Homeowners. Your county and school tax bills are not going up this year.
While the wording in advertisements run in last week’s issue of the Ledger made it sound like homeowner tax bills will go up, that’s not true.
The wording was unfortunate but state regulations require that wording be used no matter how confusing it is. The fault for the misleading information lies not with the County Commission nor with the Board of Education. The fault lies squarely on the shoulders of state government.
In the advertisements, the required headline read, “Press release announcing a proposed property tax increase.”
In the first paragraph, it is stated that the Board of Commissioners and the Board of Education intend “to increase property taxes it will levy this year by 0.95 percent county wide over the rollback millage rate.”
The key wording in that statement is “over the ROLLBACK millage rate.”
Actually, the Board of Commissioners and the Board of Education intend to NOT “increase property taxes it will levy this year” over LAST YEAR’S millage rate.
They intend to levy the same millage rate this year as they did last year.
That means that homeowners’ tax bills this year will be the same as last year —— unless the value of their property increased in the last year.
The confusion can, perhaps, be cleared up by considering the fact that the multi-million dollar Silicon Ranch solar power projects in Jeff Davis County are increasing in value. When local Industrial Development Authority officials were negotiating with Silicon Ranch to build the solar projects in the county, the county and school board agreed to give the company a graduated tax break, keeping its property value artificially low in the first few years and gradually increasing that value until the projects eventually reach 100% of their fair market value.
Between last year and this year, that value increased and, therefore, Silicon Ranch this year will pay much more in property taxes than it did last year. As a result, the county and school board will receive more property tax proceeds than they did last year while levying the same millage rate, which means there is a tax increase.
State regulations require that, if that happens, the Board of Tax Assessors is required to compute a “rollback millage rate” that would produce the same property tax revenue this year as it did last year.
As was pointed out in the County Commission’s advertisements in the Ledger last week, the increase in property taxes of 0.95%, results “in a millage rate of 15.38, an increase of 0.145 mills.” However, the state-mandated wording of the advertisement does not clarify that the 0.145 mill increase is not an increase over last year’s millage rate but, rather, it is an increase over the computed ROLLBACK millage rate.
The advertisement goes on to say that the “proposed tax increase for a home with a fair market value of $100,000.00 is approximately $5.80 and the proposed tax increase for non-homestead property with a fair market value of $250,00.00 is approximately $14.50.”
Again, the state-mandated wording does not clarify that those increases are over the property tax that would be received through the ROLLBACK millage rate, not last year’s millage rate.

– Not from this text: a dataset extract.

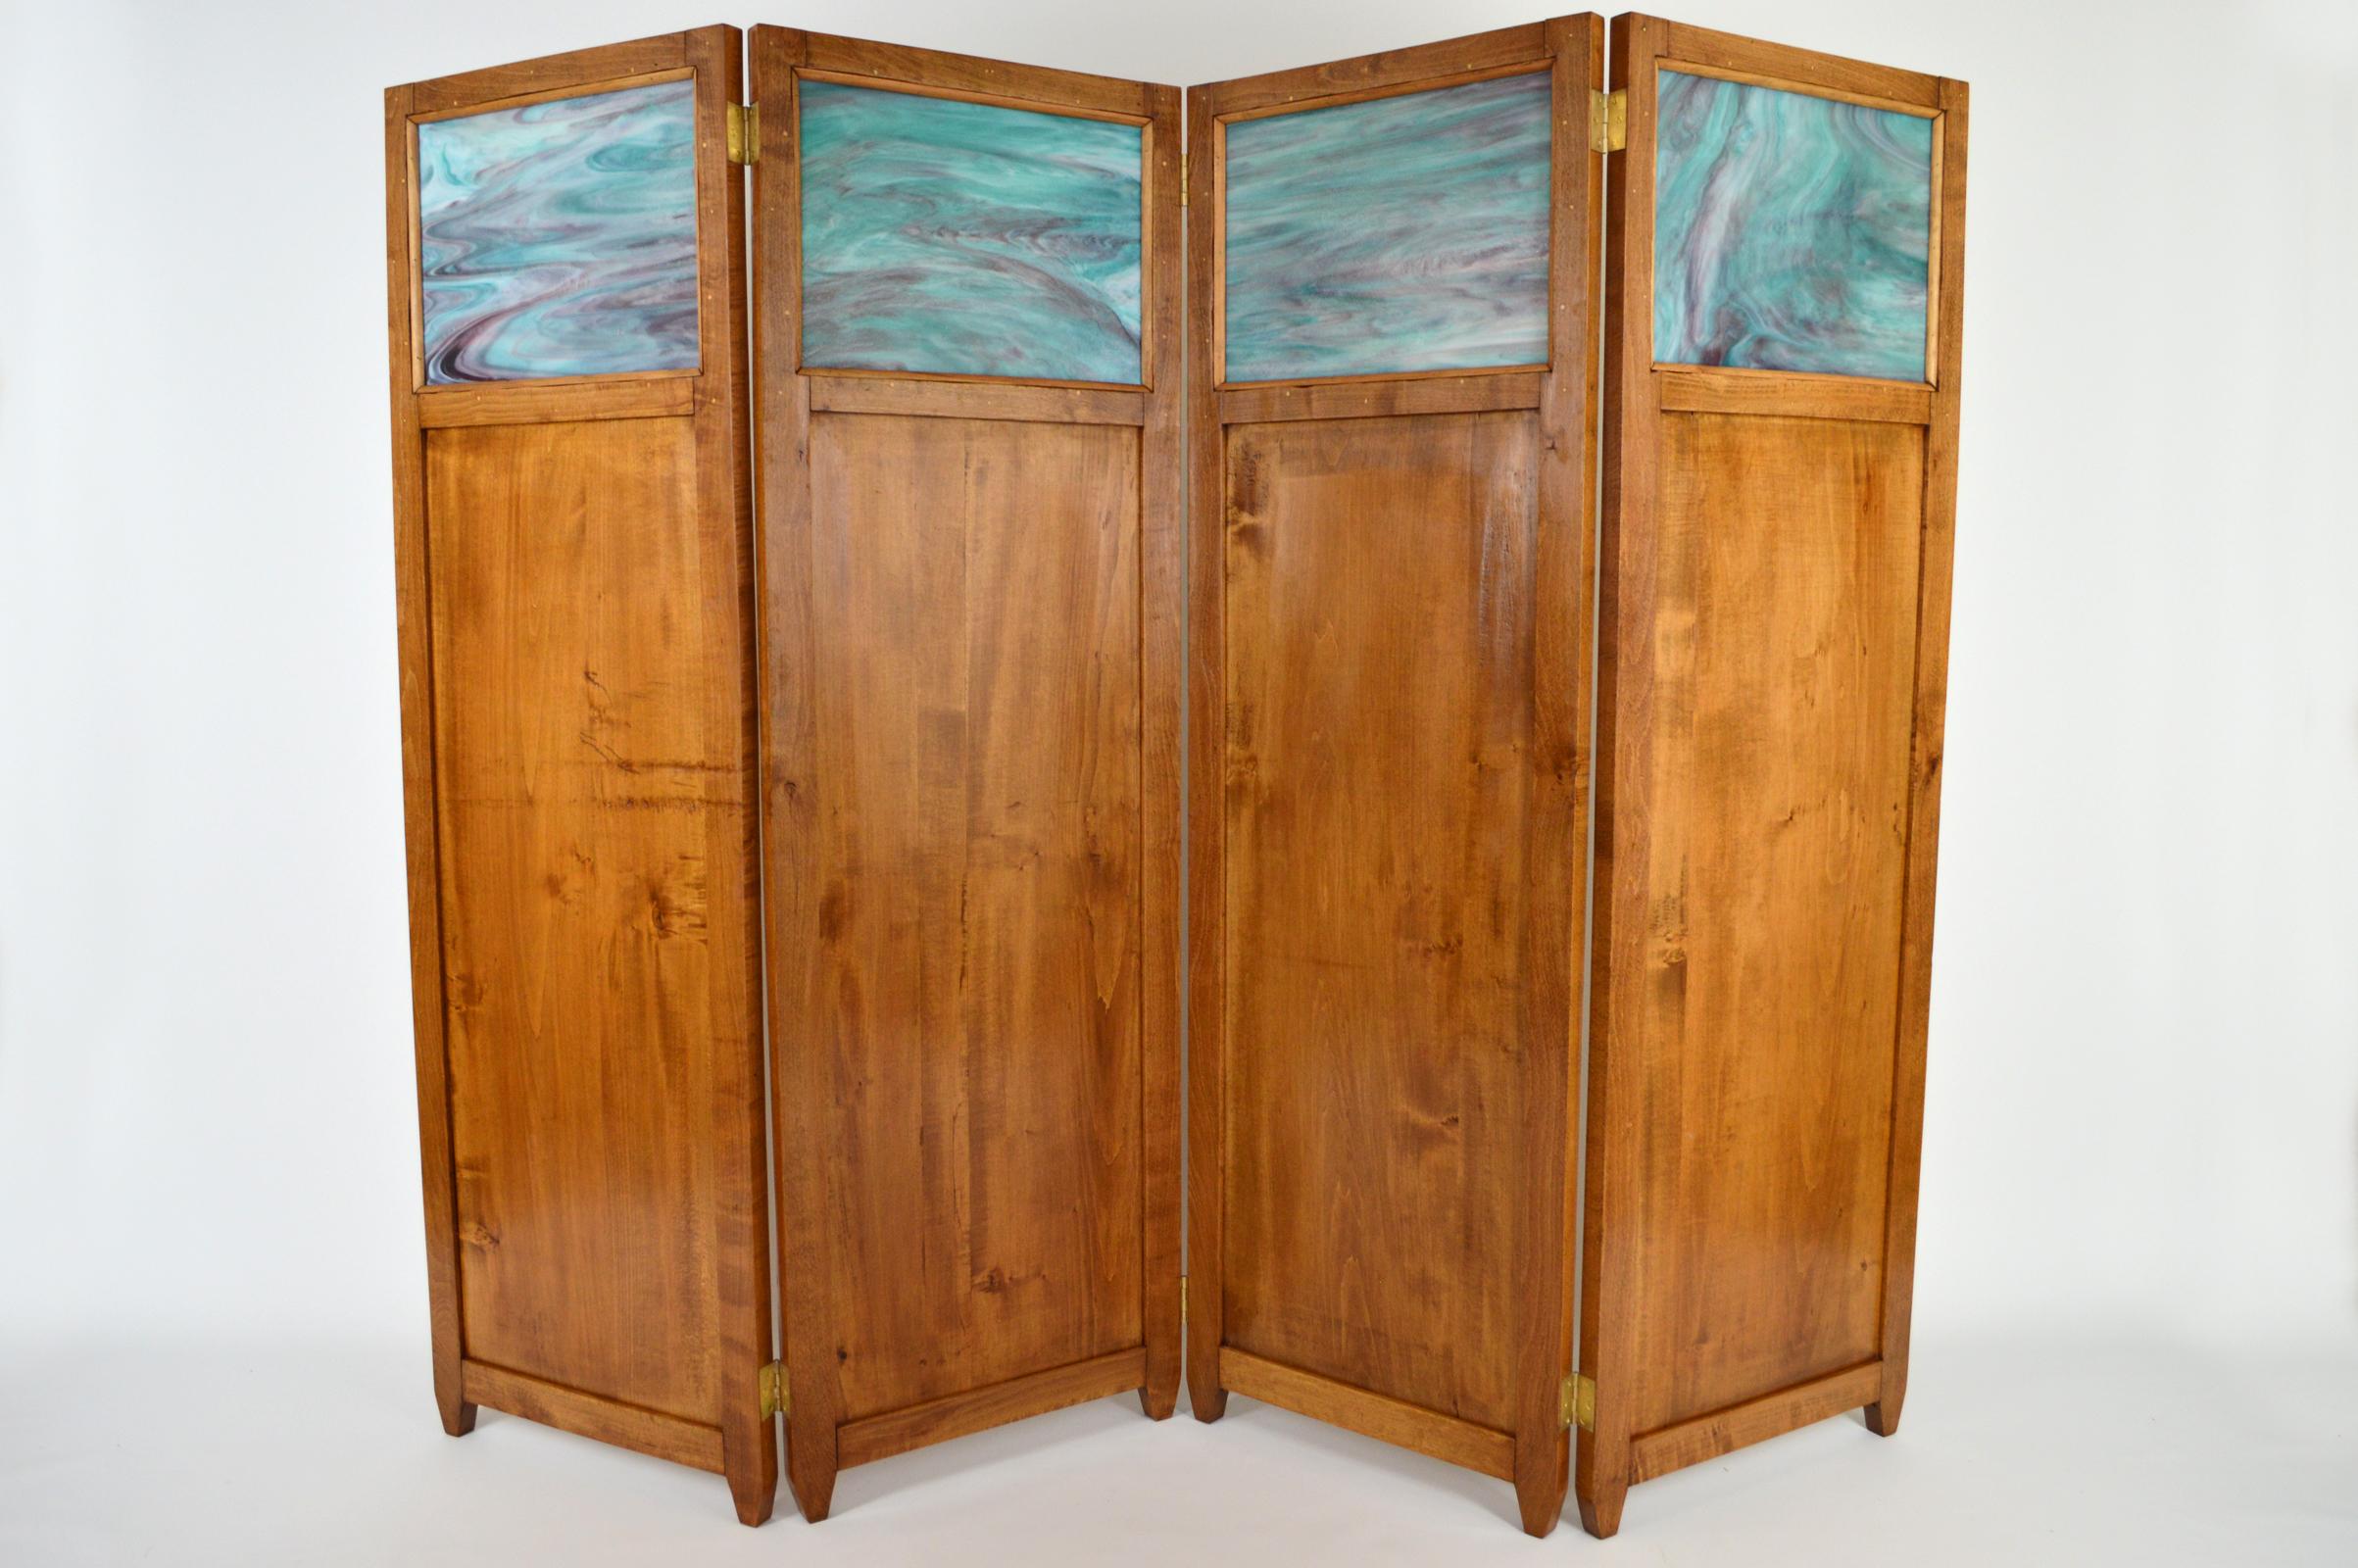 Art Nouveau Four-Panel Folding Screen, Pyrographed Wood & Stained Glass, 1910s For Sale 9

Similar advertisements were placed by the Board of Education with a 0.96% increase in property taxes over the rollback rate and a millage rate of 14.00 mills, an increase of 0.133 mills over the rollback rate, and increases in tax bills of $5.32 and $13.30.
Both the County Commission and the Board of Education are facing rising costs for operating their respective governments. So they decided to keep their millage rates the same this year, which will generate additional revenue while not increasing the property taxes homeowners must pay.
Not only did the state-mandated wording in the advertisements result in confusion among the public, some people turned to social media to compound that confusion by posting uninformed statements that served only to make things worse.